Dijo Zhou Fucai con indiferencia.
—Tú…
Zhou Guangrun estaba tan enfadado que no podía hablar.
—Fucai, ya deberías ser sensato.
Zhou Zimei no pudo evitar intervenir.
Se dijera lo que se dijera, para Zhou Zimei, todos ellos eran su «familia».
Zhou Fucai seguía siendo el mismo «hermano menor» perezoso e indiferente.
Además, era una mujer de emociones fuertes.
Muy fácil de conmover por la compasión.
—¿Y tú quién eres? No te metas en lo que no te importa.
Dijo Zhou Fucai con desdén, levantando la barbilla.
—Es tu hermana.
Dijo Zhou Guangrun.
—¿Mi hermana? ¿Desde cuándo tengo una hermana?
Zhou Fucai miró a Zhou Zimei con una mirada frívola.
—¡Ah! ¡Así que eres tú!
—No esperaba que volvieras, ¡genial! Ahora tendré de dónde sacar dinero.
—Si quieres que te llame hermana, date prisa y dame unos miles para gastar.
Dijo Zhou Fucai, extendiendo la mano.
La aparición de Zhou Zimei no provocó una gran reacción en Zhou Fucai.
En lo único que pensaba era en el dinero.
—No tengo dinero.
Dijo Zhou Zimei.
—No bromees conmigo, es imposible que no tengas dinero.
—Te casaste con un marido rico.
—Estaba pensando en buscarte estos últimos días, y apareces tú.
—¡Parece que de verdad crecimos juntos, qué telepatía! Sabías que necesitaba dinero.

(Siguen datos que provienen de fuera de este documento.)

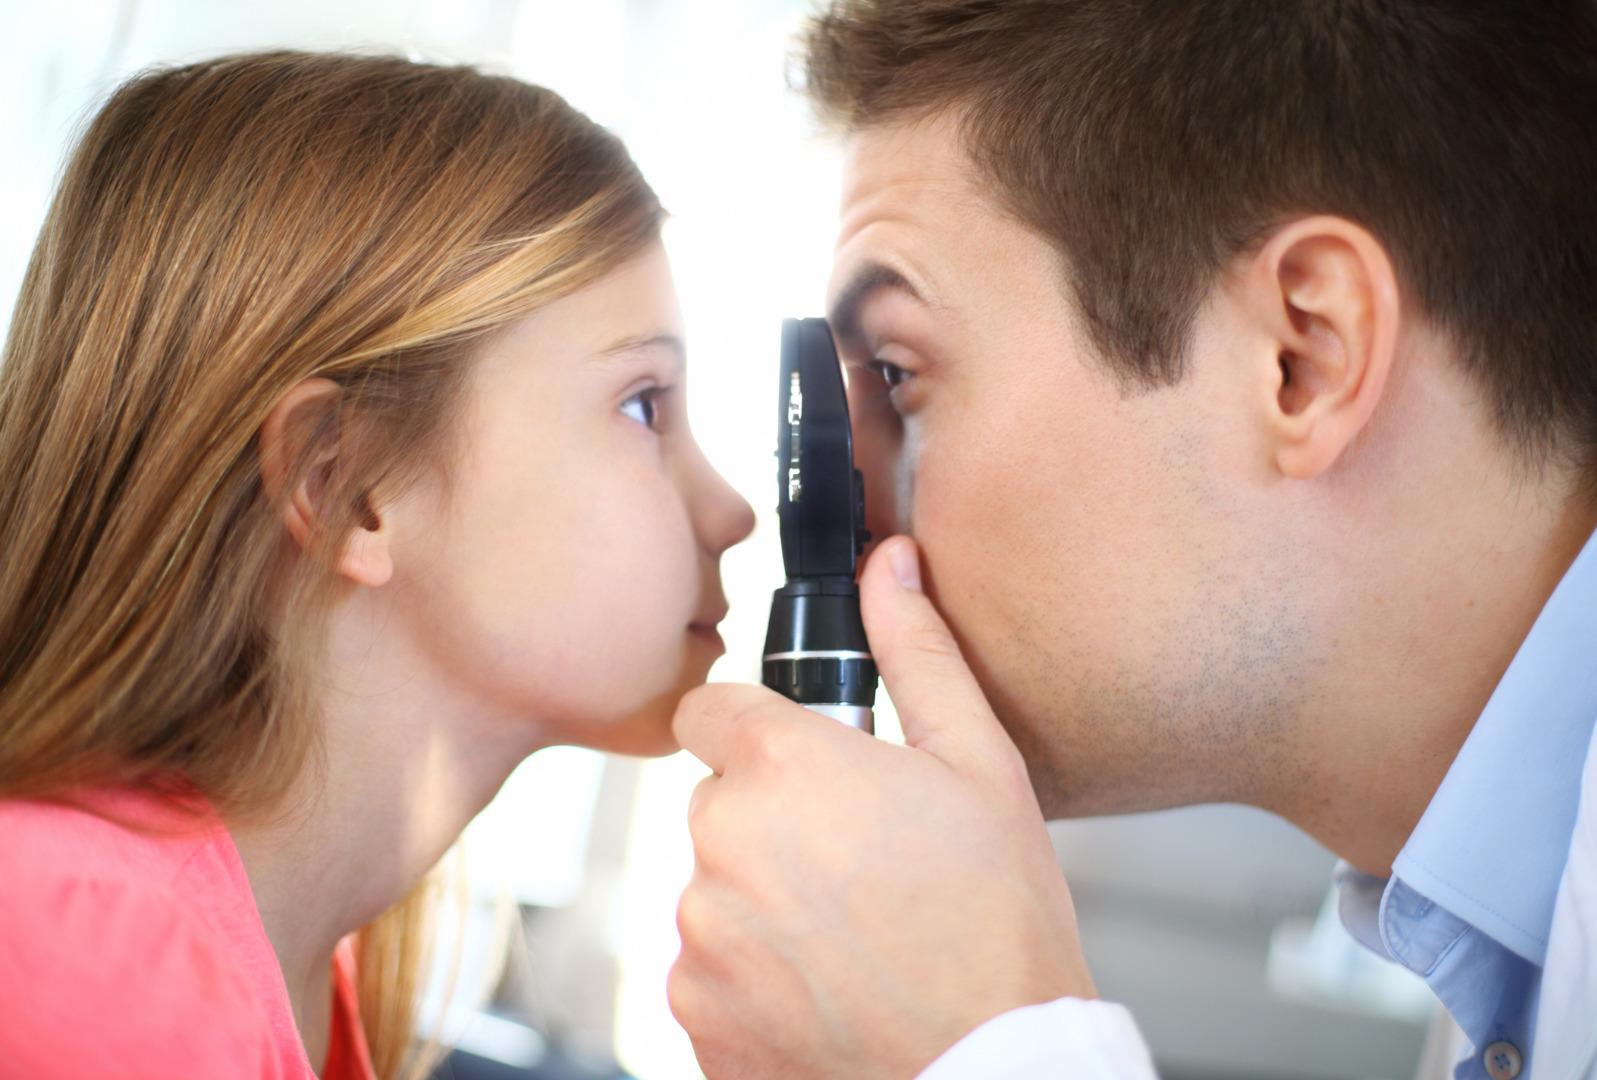 Конъюнктивит у ребенка: как лечить?

El desaliñado Zhou Fucai parecía no estar al tanto de muchas cosas.
Como mínimo, no sabía nada de la ludopatía de Qian Feng.

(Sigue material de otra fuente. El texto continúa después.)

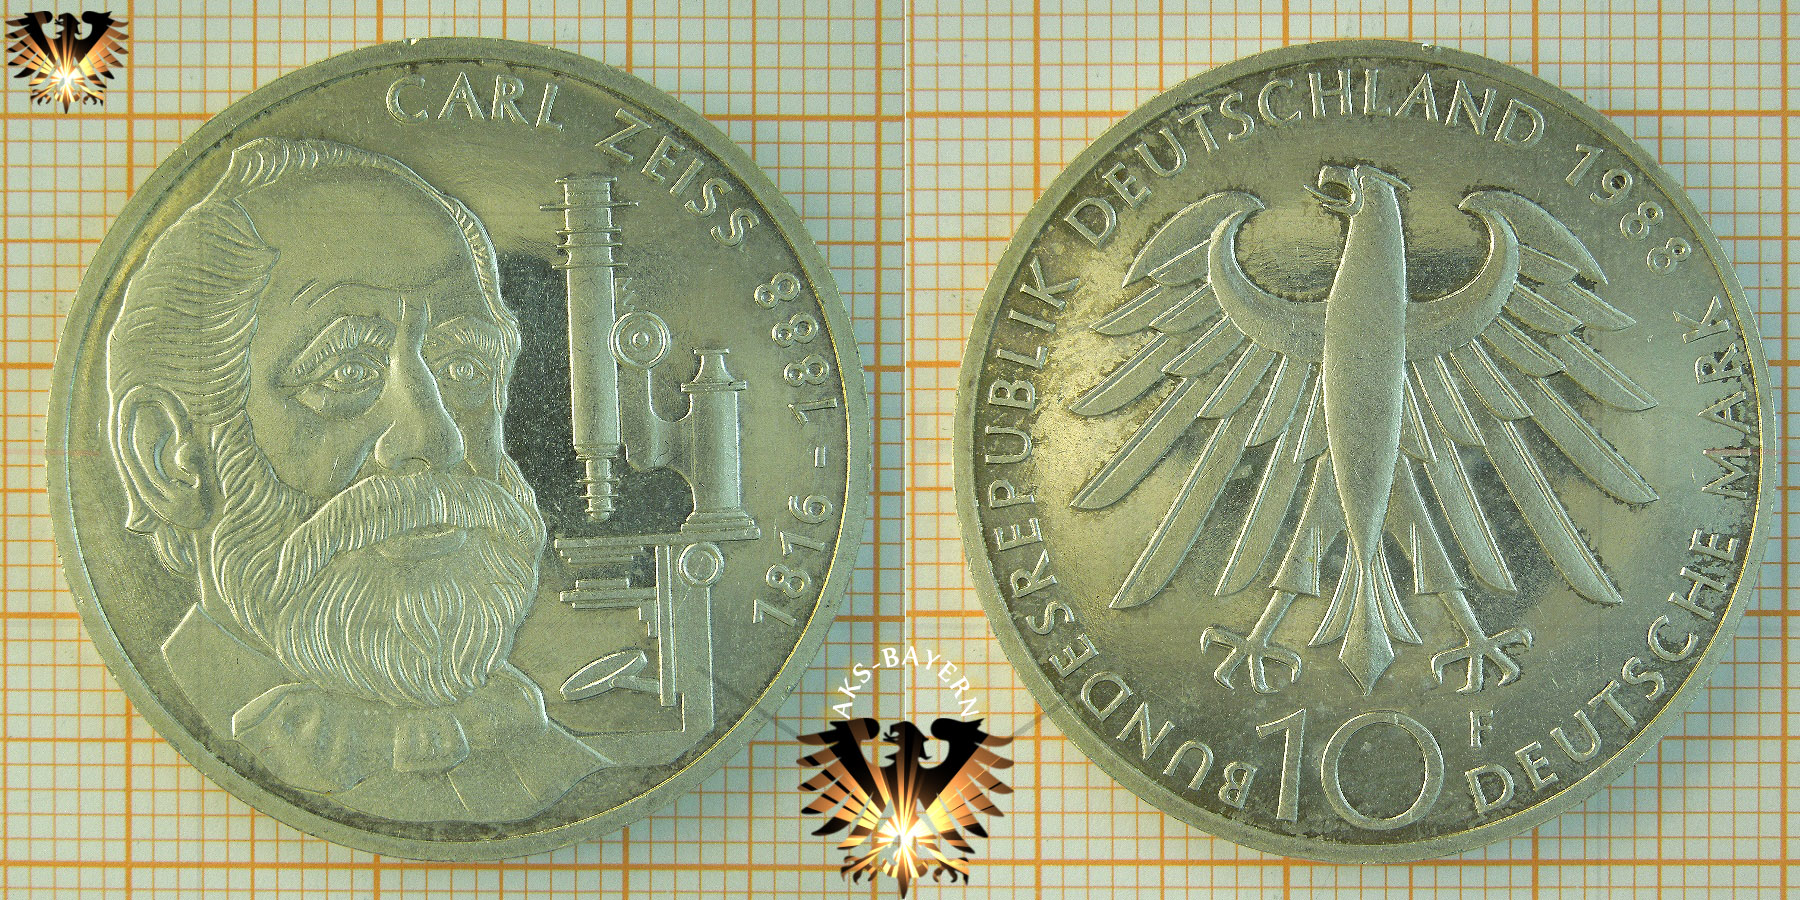 10 Dm Brd 1988 F Carl Zeiss 1816 1888

—Ya estoy divorciada, no tengo dinero.
Zhou Zimei tomó la iniciativa de revelar su divorcio.
Parecía que el asunto no la avergonzaba.
—¿Divorciada?
Zhou Fucai no esperaba que Zhou Zimei dijera algo así.

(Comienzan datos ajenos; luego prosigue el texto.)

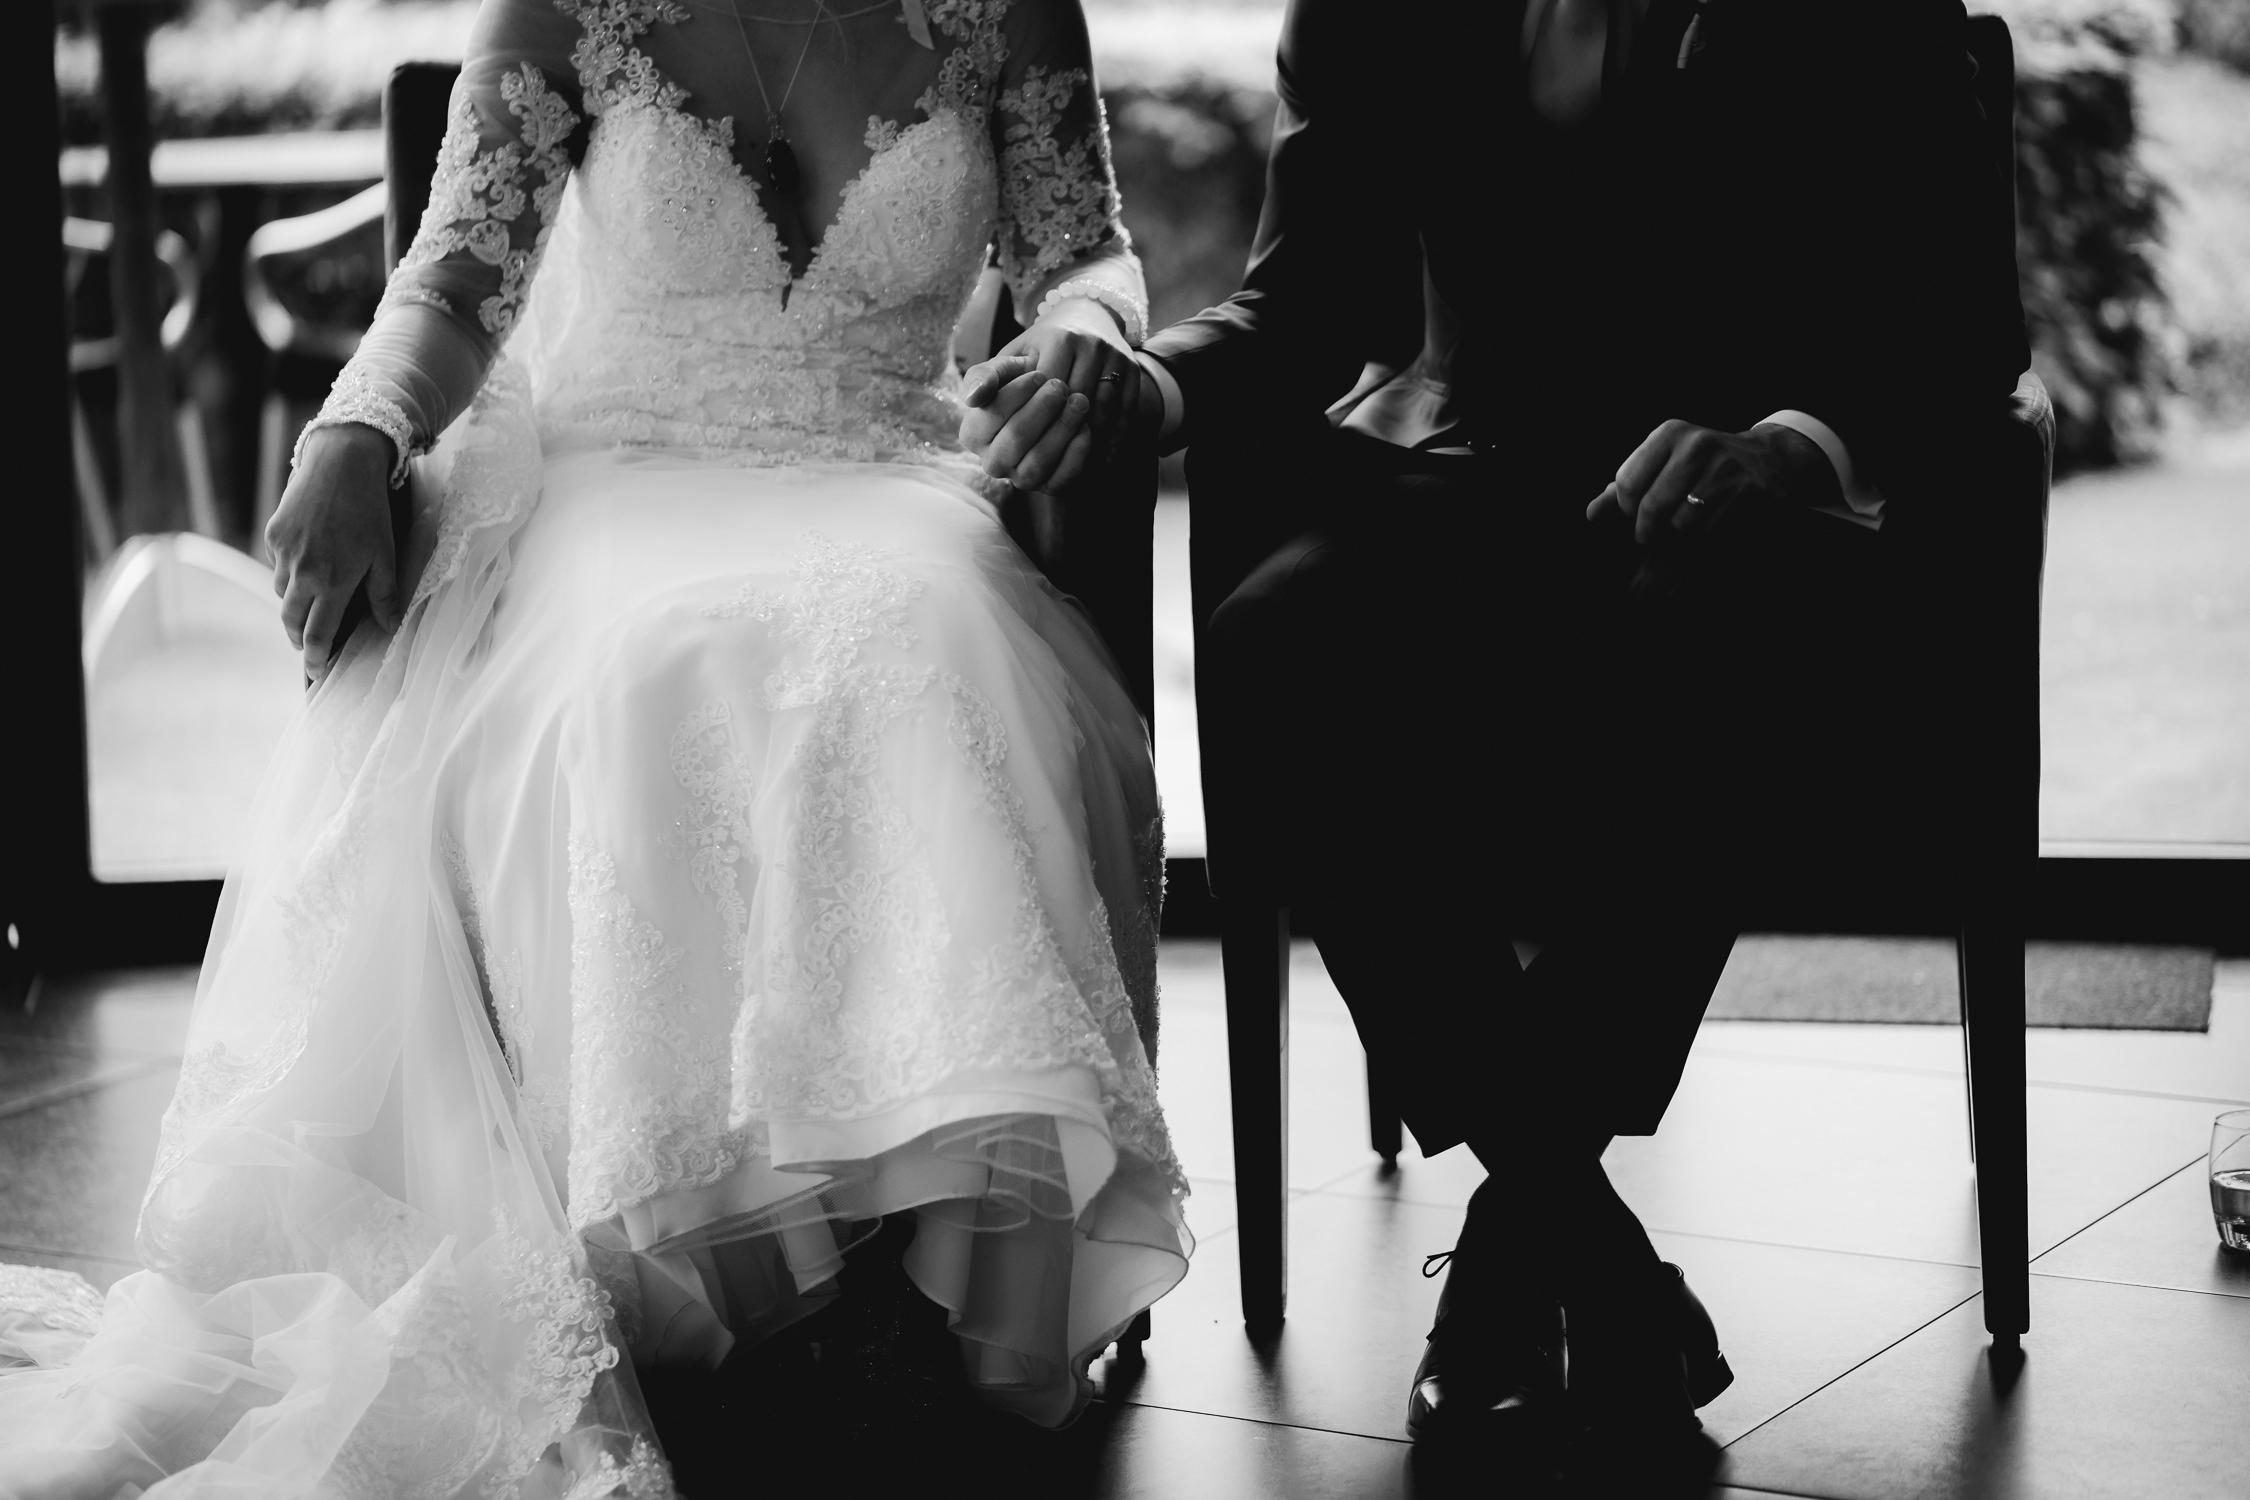 bruidsfotografie-amsterdam-utrecht-trouwfotograaf-mark-hadden-wedding-photography-Robin & Guus-198-2.jpg

—No me mientas, ¿cómo te vas a divorciar?
—Casada con un rico, con dinero solo por estar sentada, ¿y te divorciarías?
—¿No será una excusa para no darme dinero?
Zhou Fucai no se lo creía.
—Créetelo o no, allá tú.
—Eres un adulto y también has estado encerrado. Deberías saber que tienes que reformarte, ser una buena persona y trabajar duro.
El tono de Zhou Zimei era exactamente el de una hermana mayor.
—Zhou Zimei, no lo pintes tan bonito.
—Si no fuera por mí, ¿podrías haberte casado con alguien tan rico?
—¡Te digo que deberías darme las gracias!
—Ahora he estado en la cárcel y he perdido a mi mujer.
—¡Tú eres la responsable!
Las palabras de Zhou Fucai dejaban al descubierto la clase de persona que era.
Qué demonios de lógica era esa.
—Fucai, cuida cómo le hablas a tu hermana.
Dijo Zhou Guangrun.
Zhou Fucai miró a Kang Kang, luego se rio y dijo: —¿Divorciada? No te habrás ido con otro hombre, habrás dado a luz a un bastardo y te habrán echado, ¿verdad?
—¡Ja, ja! Con razón no has vuelto en tanto tiempo y ahora apareces de repente.
¡Zas!
—¡Zhou Fucai, atrévete a decir una palabra más!
Zhang Xiaofan no pudo seguir escuchando y le dio una patada a Zhou Fucai de inmediato.
Zhou Fucai salió volando y se desparramó en el suelo como un perro.
Era inesperado que en el Pueblo Shitou se hubiera colado una alimaña así.